### Task details
Nothing but the lines from the one showing "TOUGH-GRID 750lb Grizzly" through the final line of the data below belongs in the answer, duplicated exactly and without pictures.

--- Supplied data Enclosed Below ---

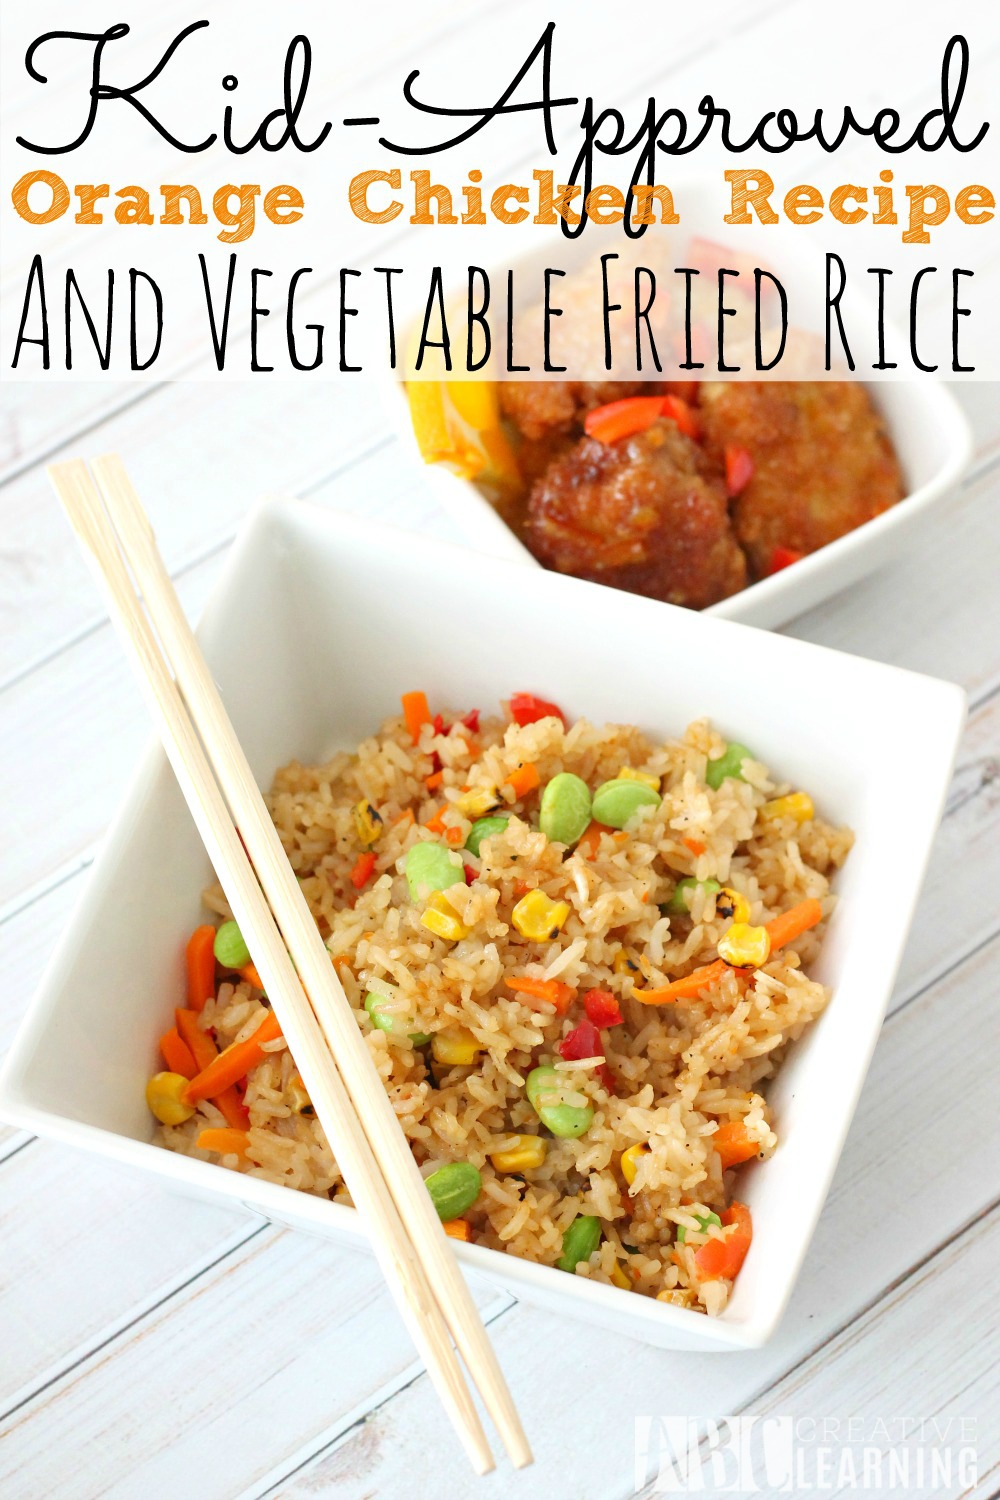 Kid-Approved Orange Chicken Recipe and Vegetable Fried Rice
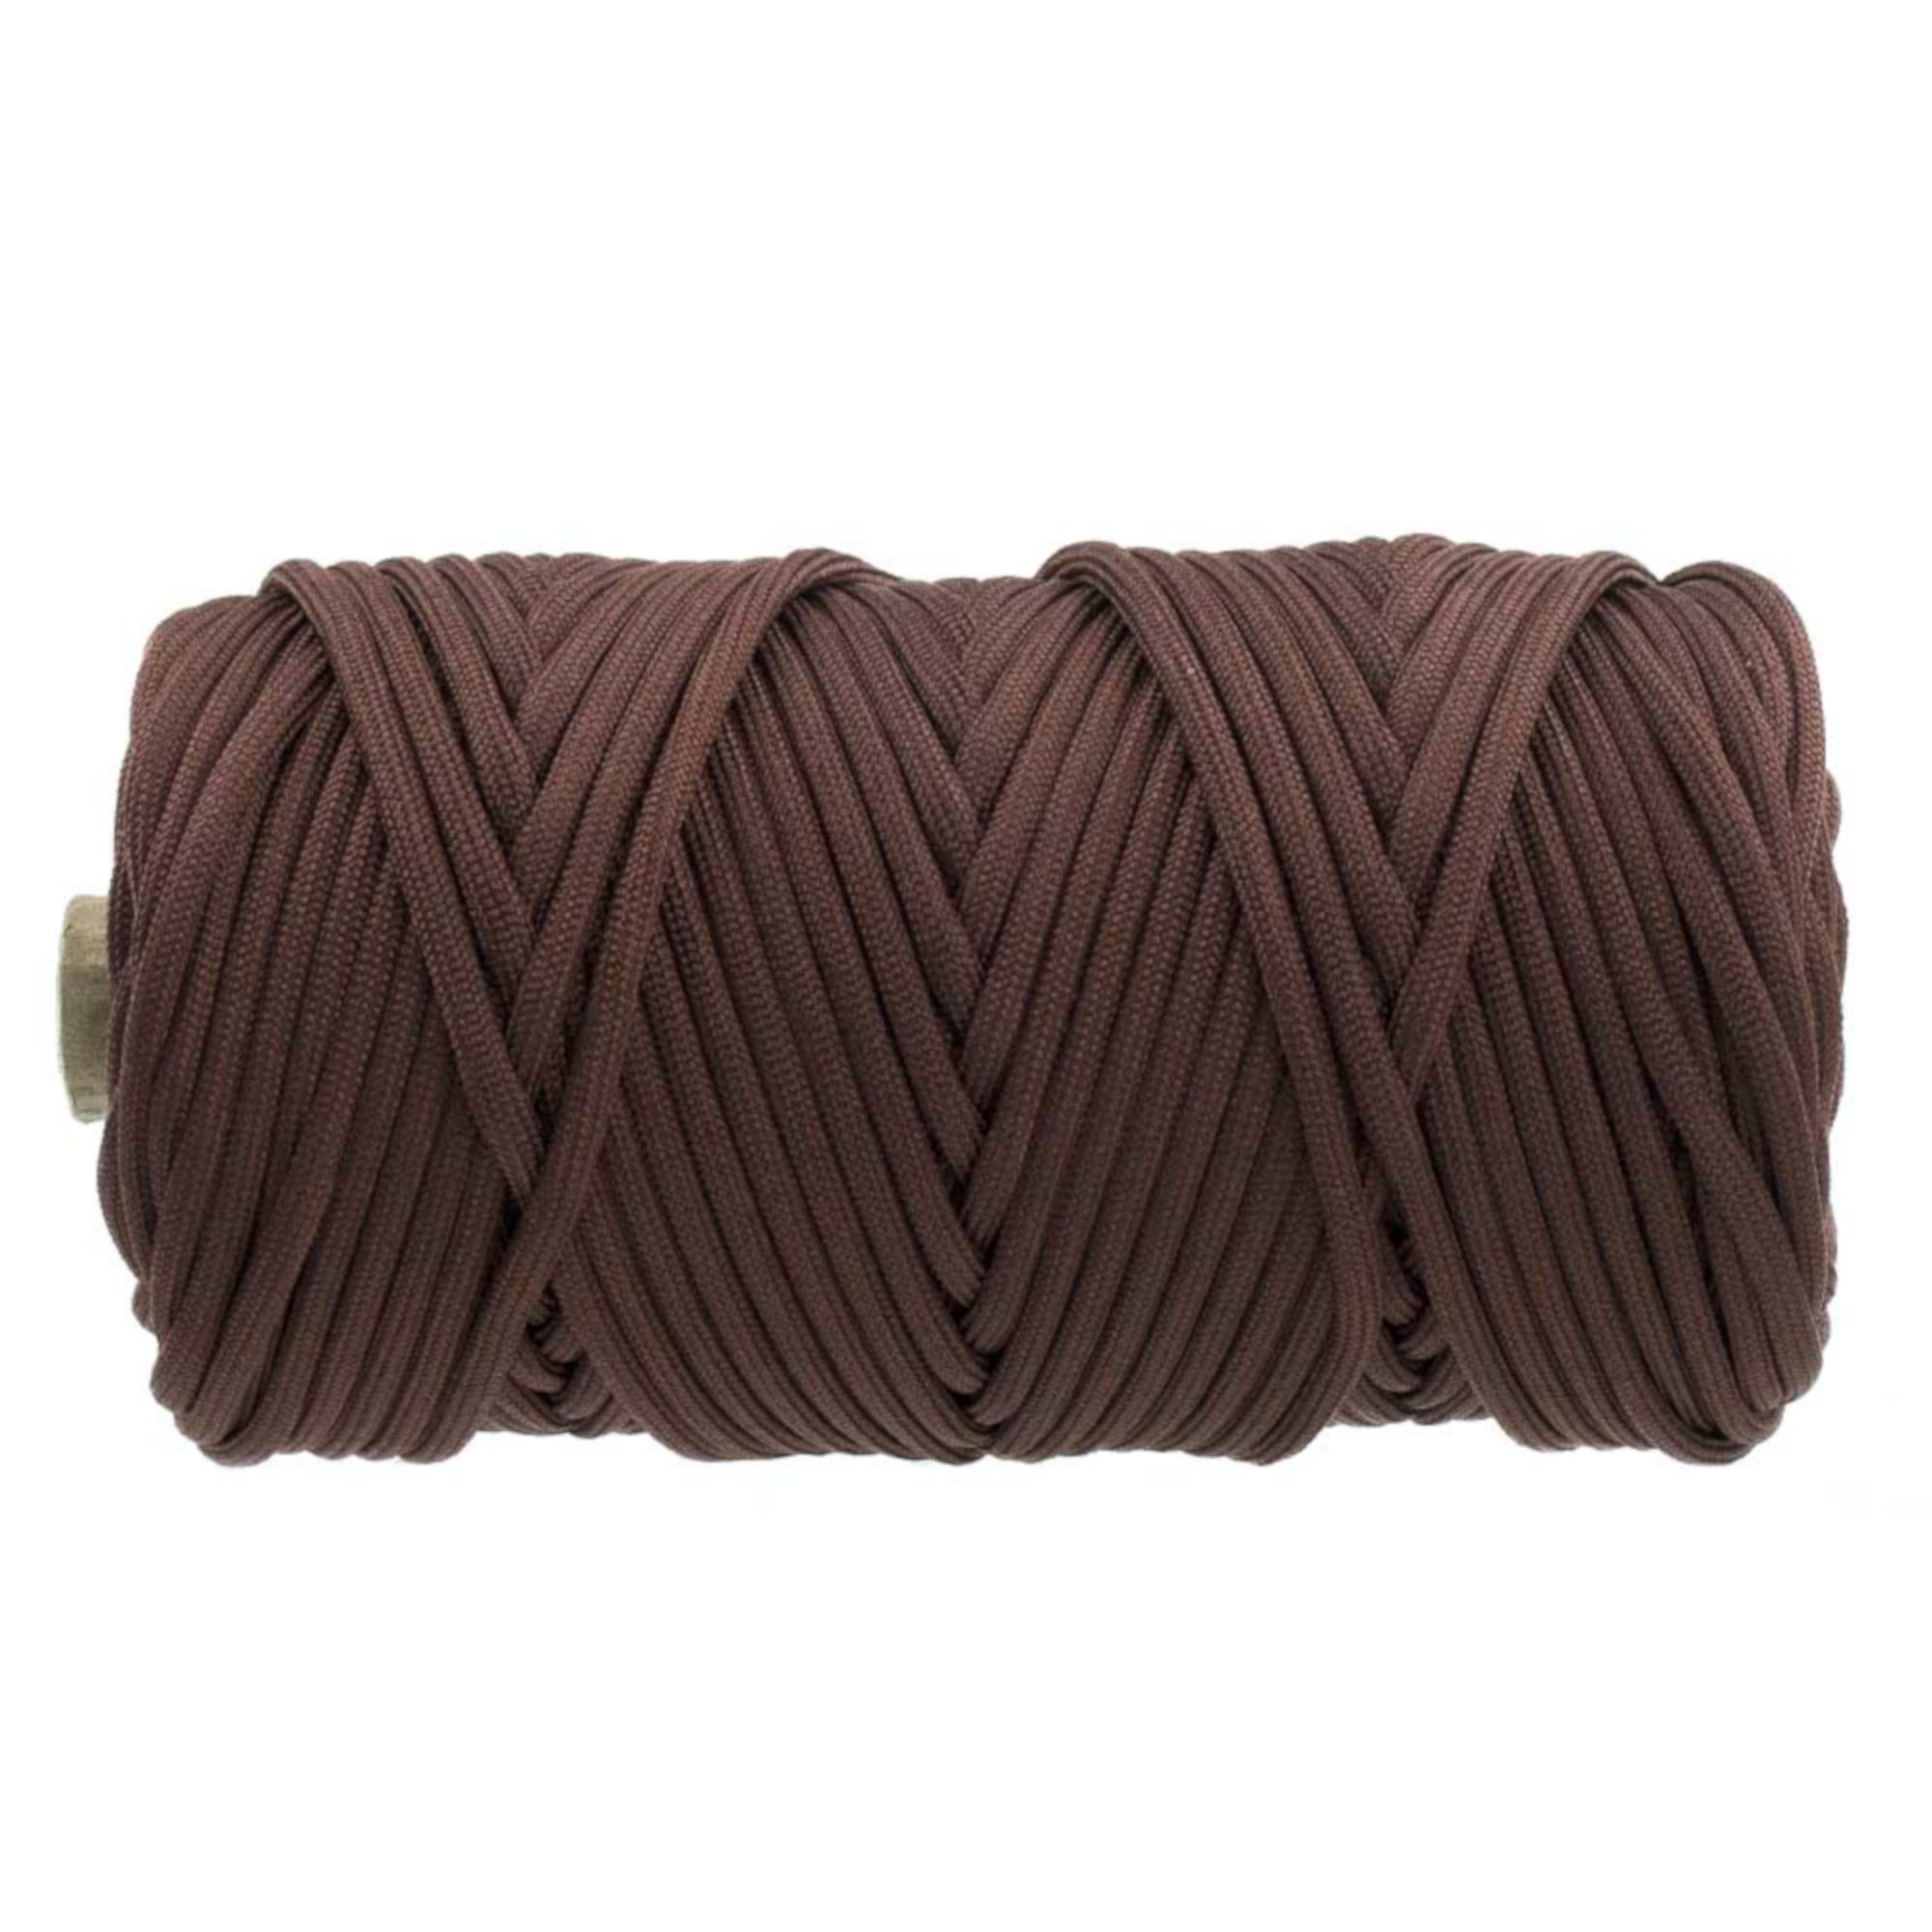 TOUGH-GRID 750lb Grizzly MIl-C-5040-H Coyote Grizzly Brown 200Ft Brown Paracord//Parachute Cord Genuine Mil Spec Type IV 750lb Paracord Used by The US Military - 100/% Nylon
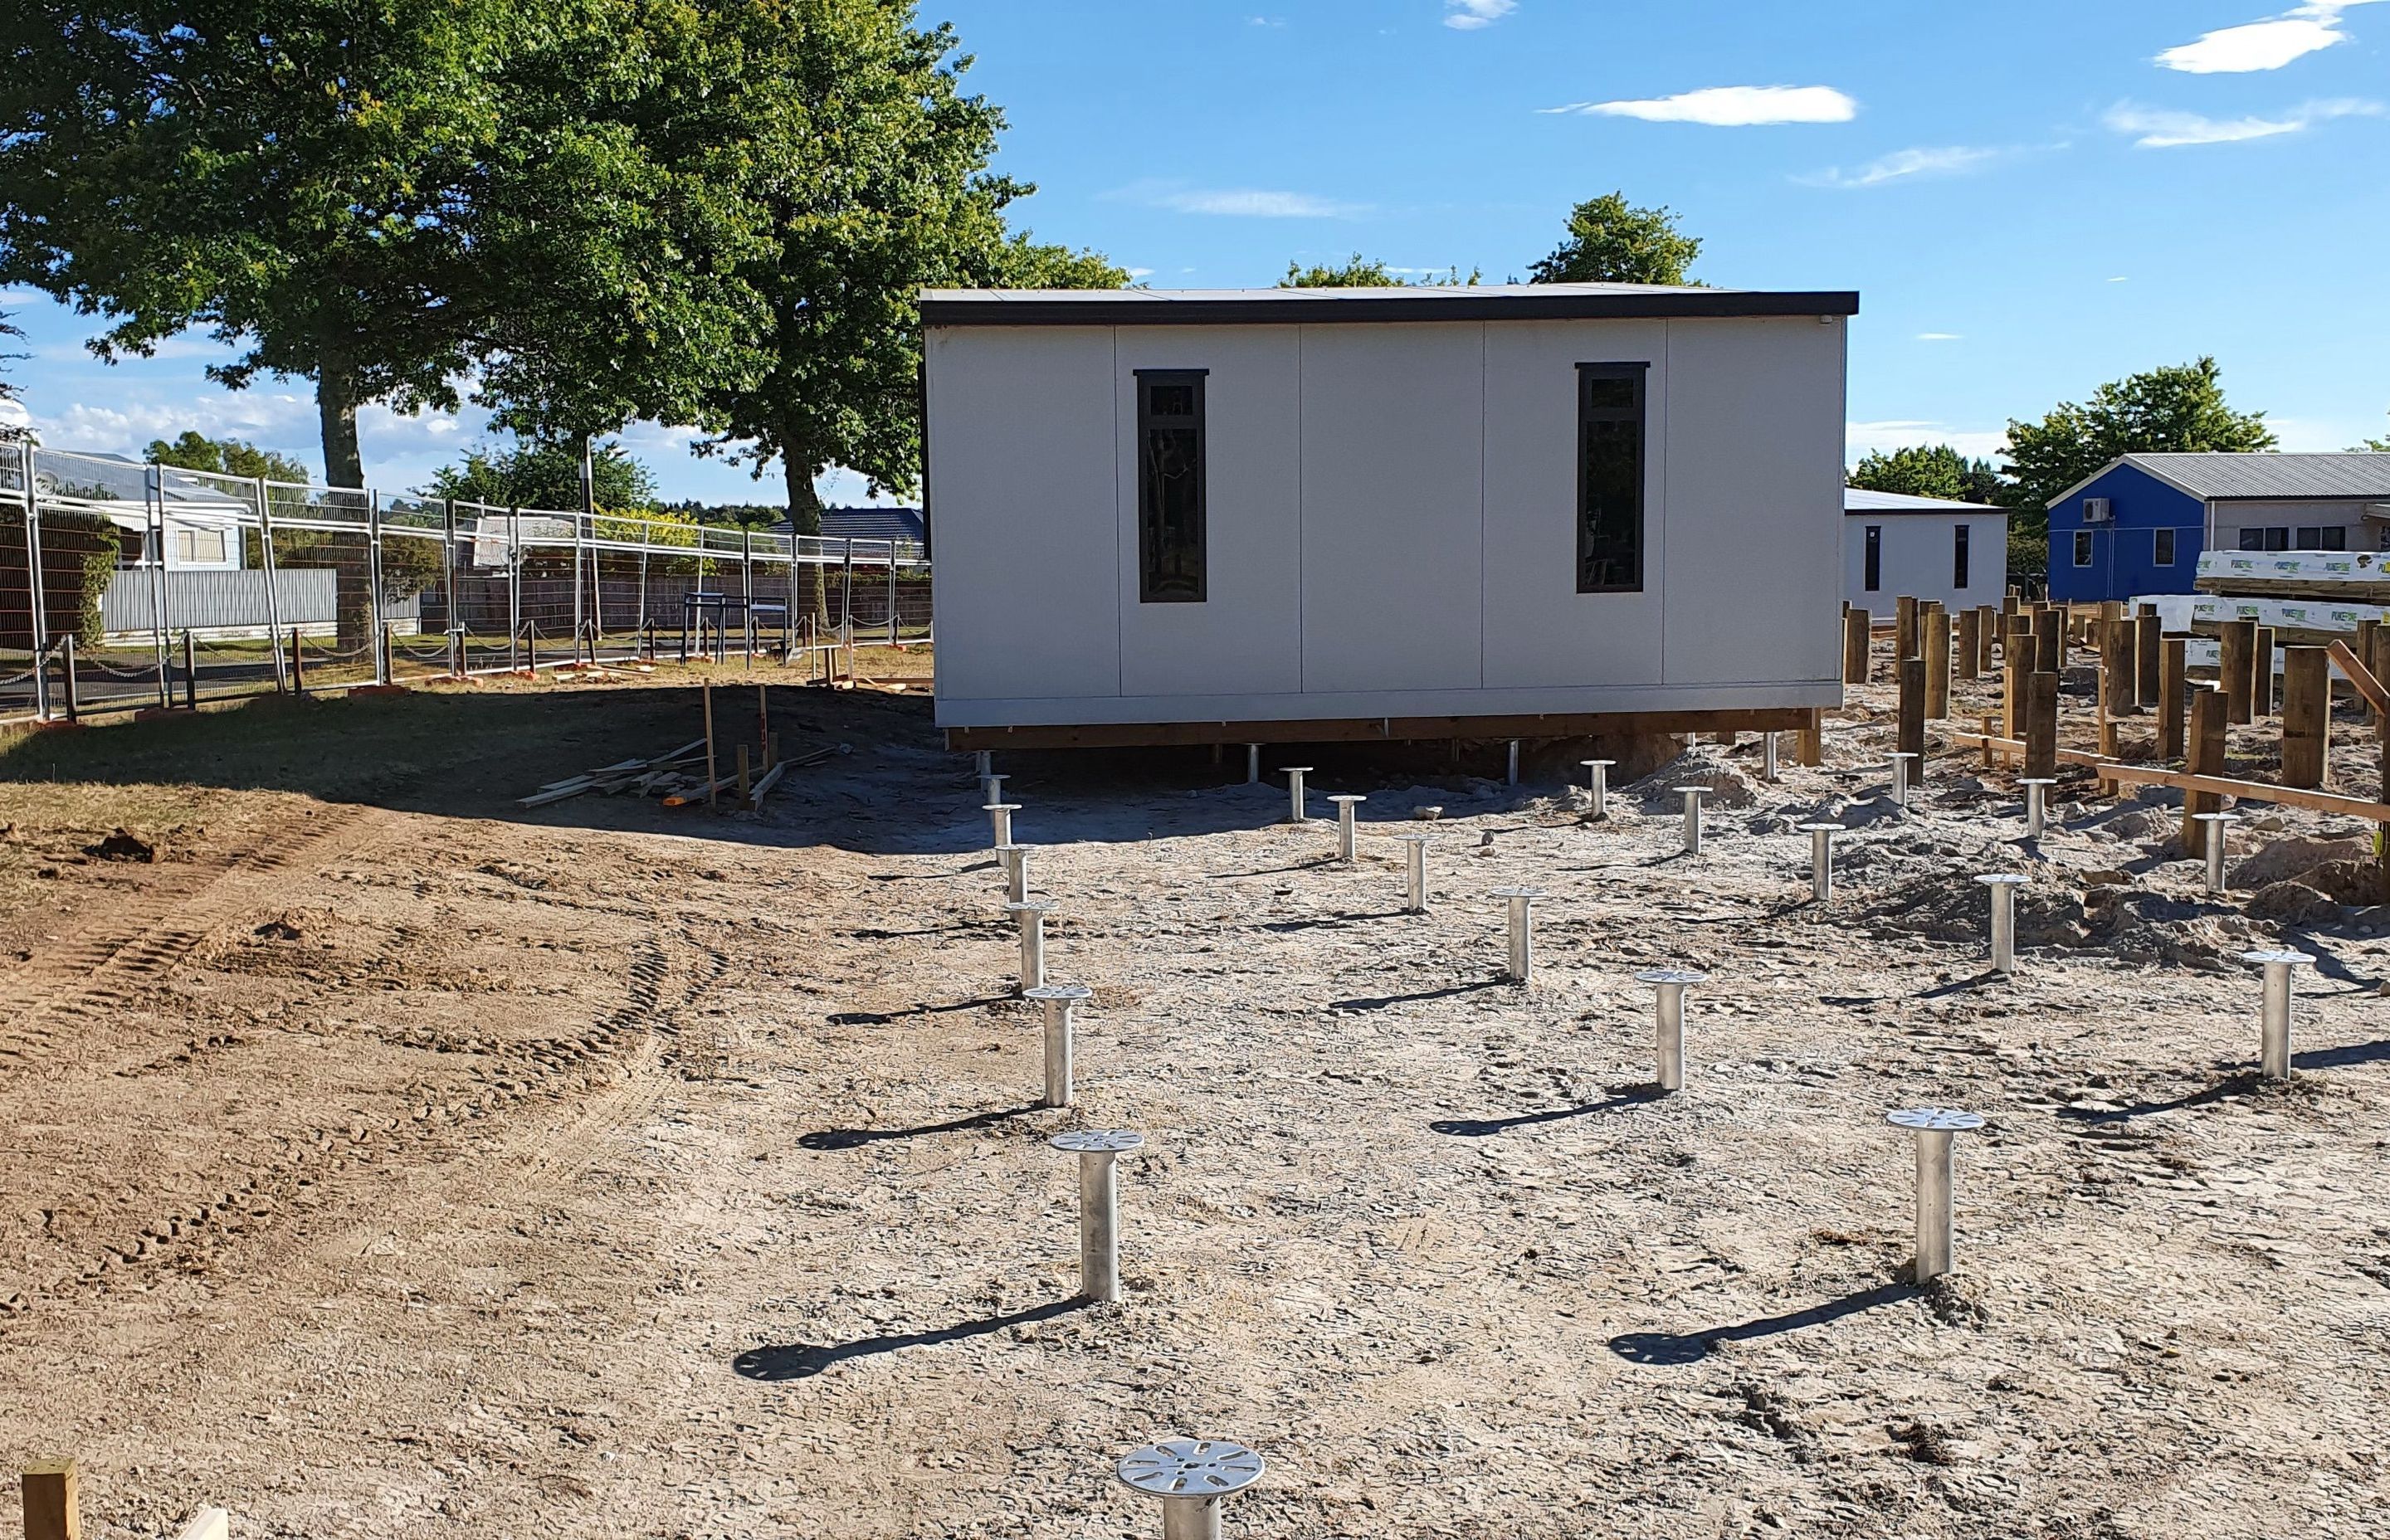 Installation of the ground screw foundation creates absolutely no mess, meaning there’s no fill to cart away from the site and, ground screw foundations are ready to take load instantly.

--- End of Enclosed Supplied data ---

### Task result
 TOUGH-GRID 750lb Grizzly MIl-C-5040-H Coyote Grizzly Brown 200Ft Brown Paracord//Parachute Cord Genuine Mil Spec Type IV 750lb Paracord Used by The US Military - 100/% Nylon
 Installation of the ground screw foundation creates absolutely no mess, meaning there’s no fill to cart away from the site and, ground screw foundations are ready to take load instantly.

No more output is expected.